Table of Contents

Module: TextIndex Zope-2.2.1-src/lib/python/SearchIndex/TextIndex.py

Text Index

Notes on a new text index design

The current inverted index algoirthm works well enough for our needs. Speed of the algorithm does not seem to be a problem, however, data management is a significant problem. In particular:

  • Process size grows unacceptably during mass indexing.

  • Data load and store seems to take too long. For example, clearing an inverted index and committing takes a significant amount of time.

  • The current trie data structure contributes significantly to the number of objects in the system.

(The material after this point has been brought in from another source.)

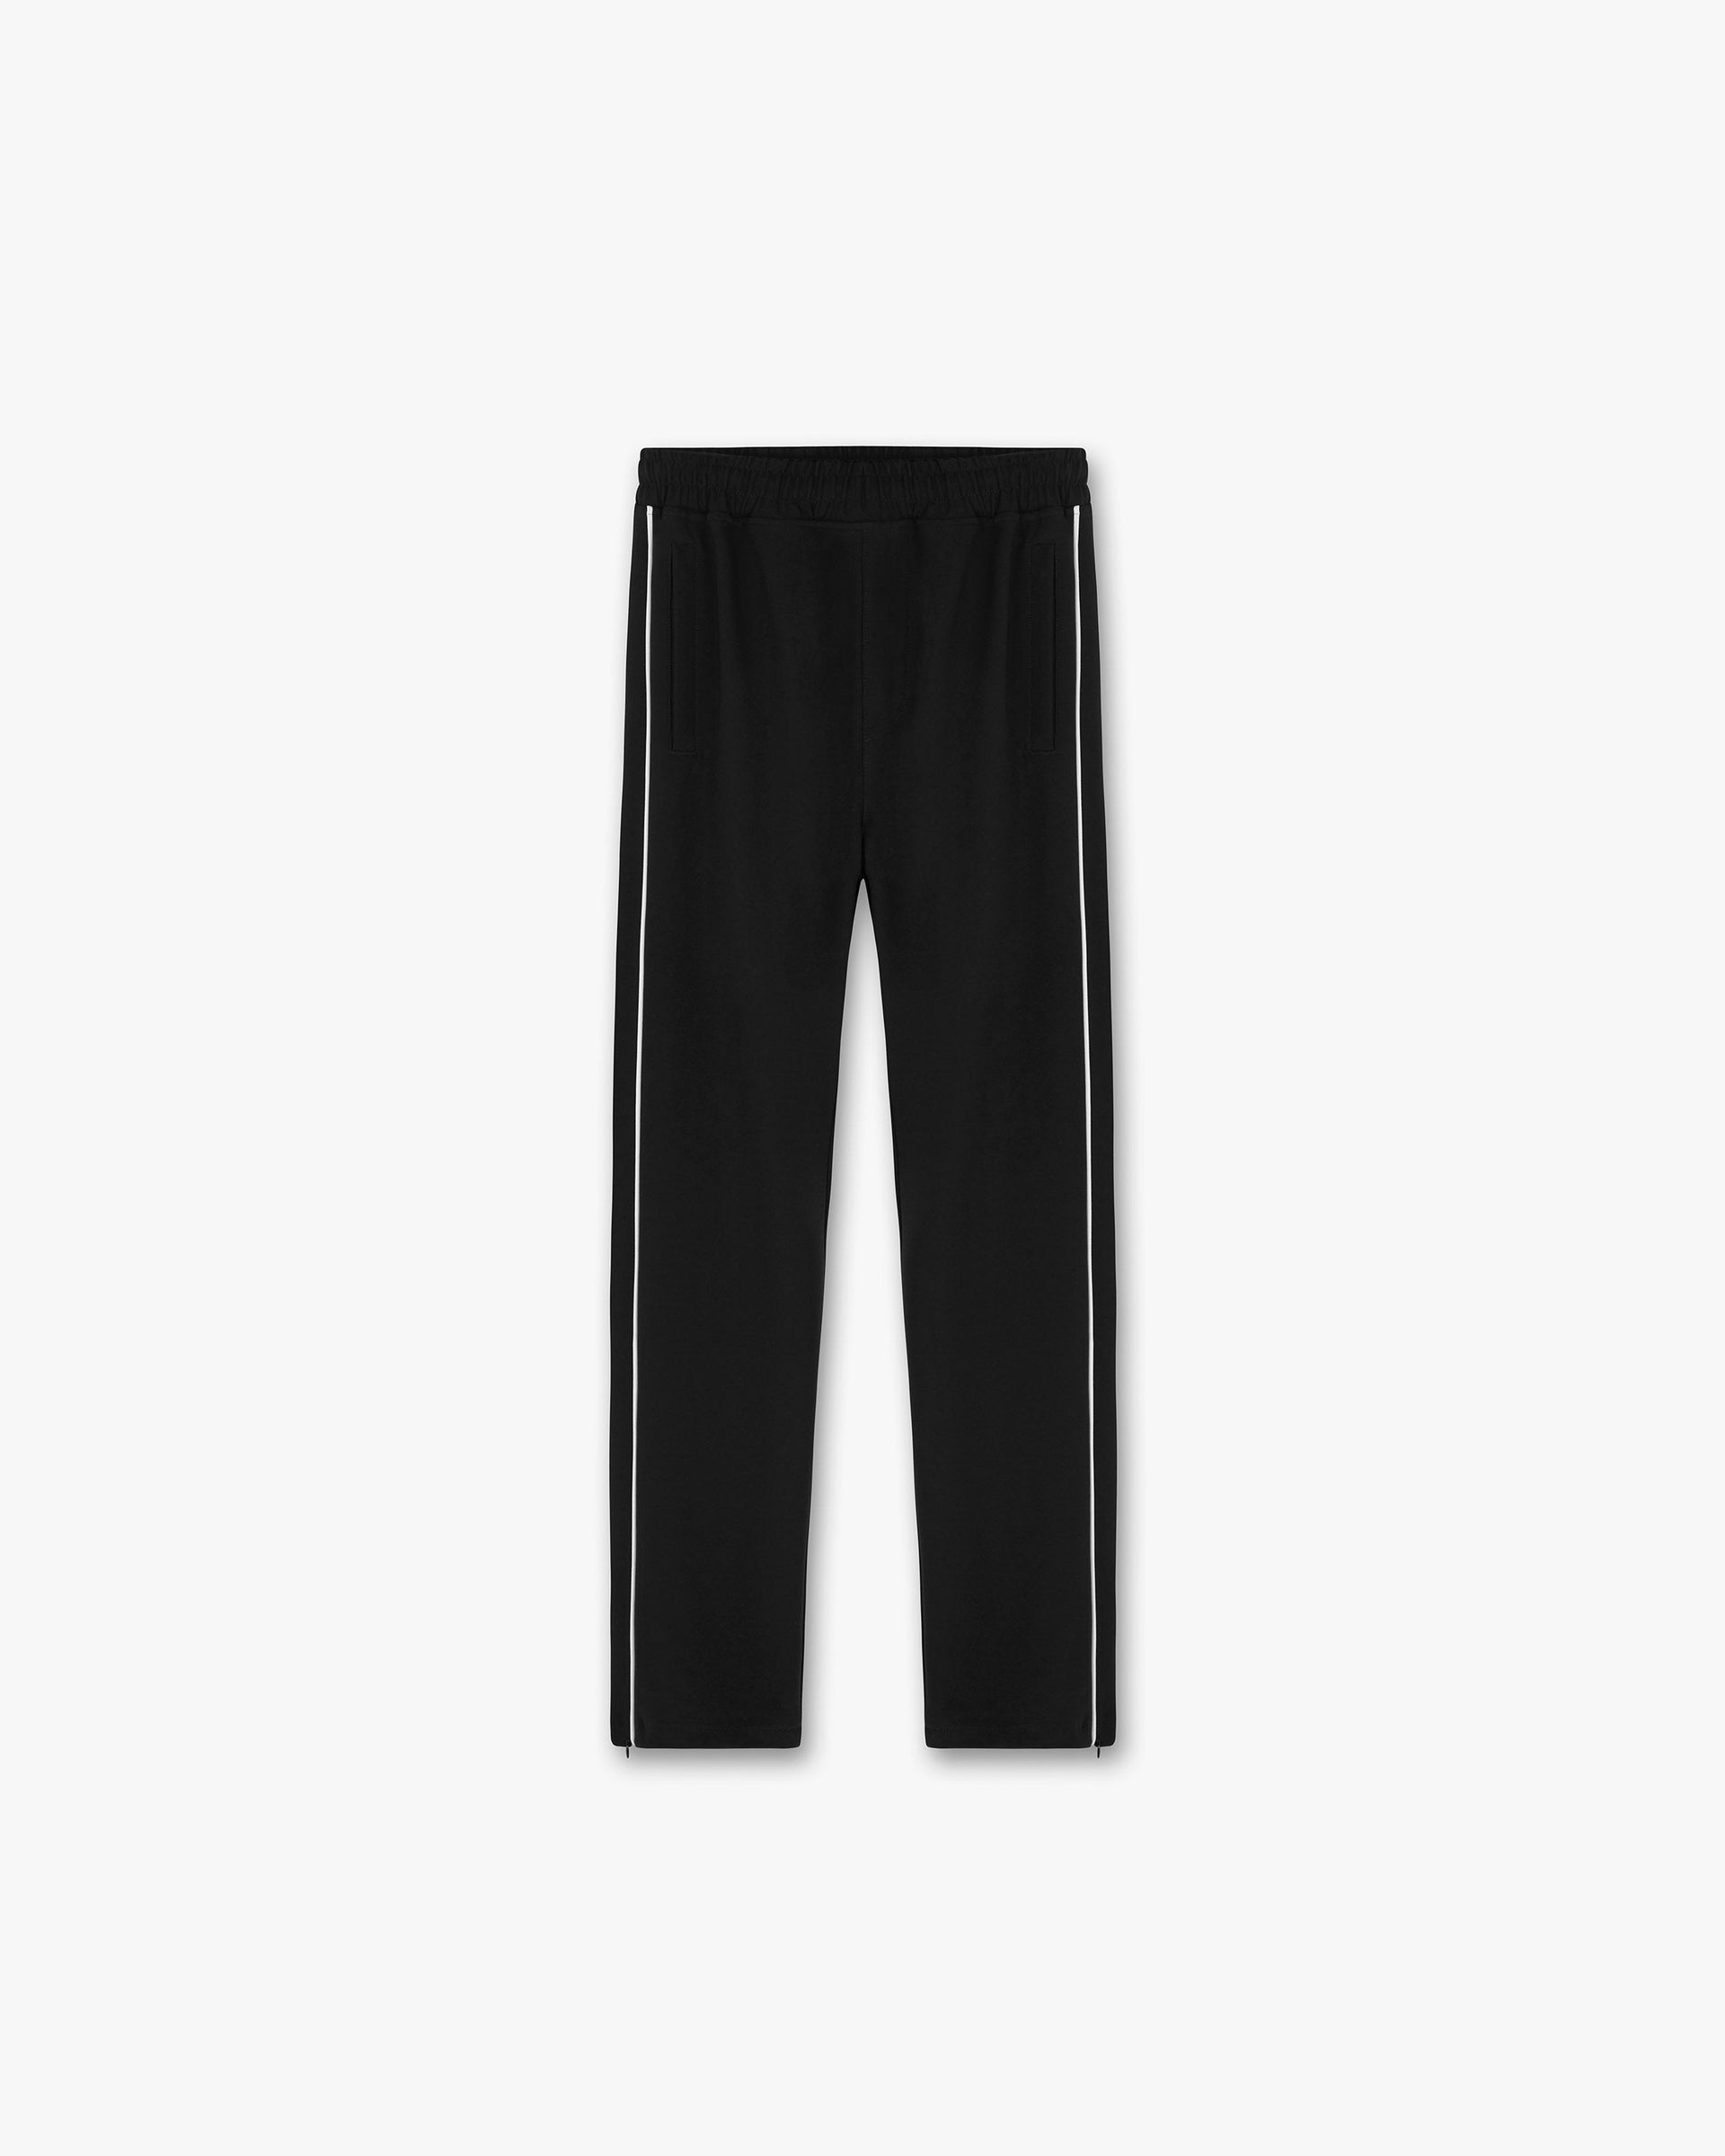 Split Trackpant | Black Cream Pants SC22 | Represent Clo

  • Removal/update of documents is especially problematic. We have to either:

    • Unindex old version of an object before updating it. This is a real hassle for apps like sws.

    • Tool through entire index looking for object references. This is totally impractical.

Some observations of competition:

  • Xerox system can index "5-million word document in 256k". What does this mean?

    • Does the system save word positions as we do?

    • What is the index indexing?

    • What was the vocabulary of the system?

    Let\'s see. Assume a 10,000 word vocabulary. Then we use 25-bytes per entry. Hm.....

  • Verity has some sense of indexing in phases and packing index. Verity keeps the index in multiple chunks and a search may operate on multiple chunks. This means that we can add data without updating large records.

    This may be especially handy for mass updates, like we do in cv3. In a sense we do this in cv3 and sws. We index a large batch of documents to a temporary index and then merge changes in.

    If "temporary" index was integral to system, then maybe merger could be done as a background task....

Tree issues

Tree structures benefit small updates, because an update to an entry does not cause update of entire tree, however, each node in tree introduces overhead.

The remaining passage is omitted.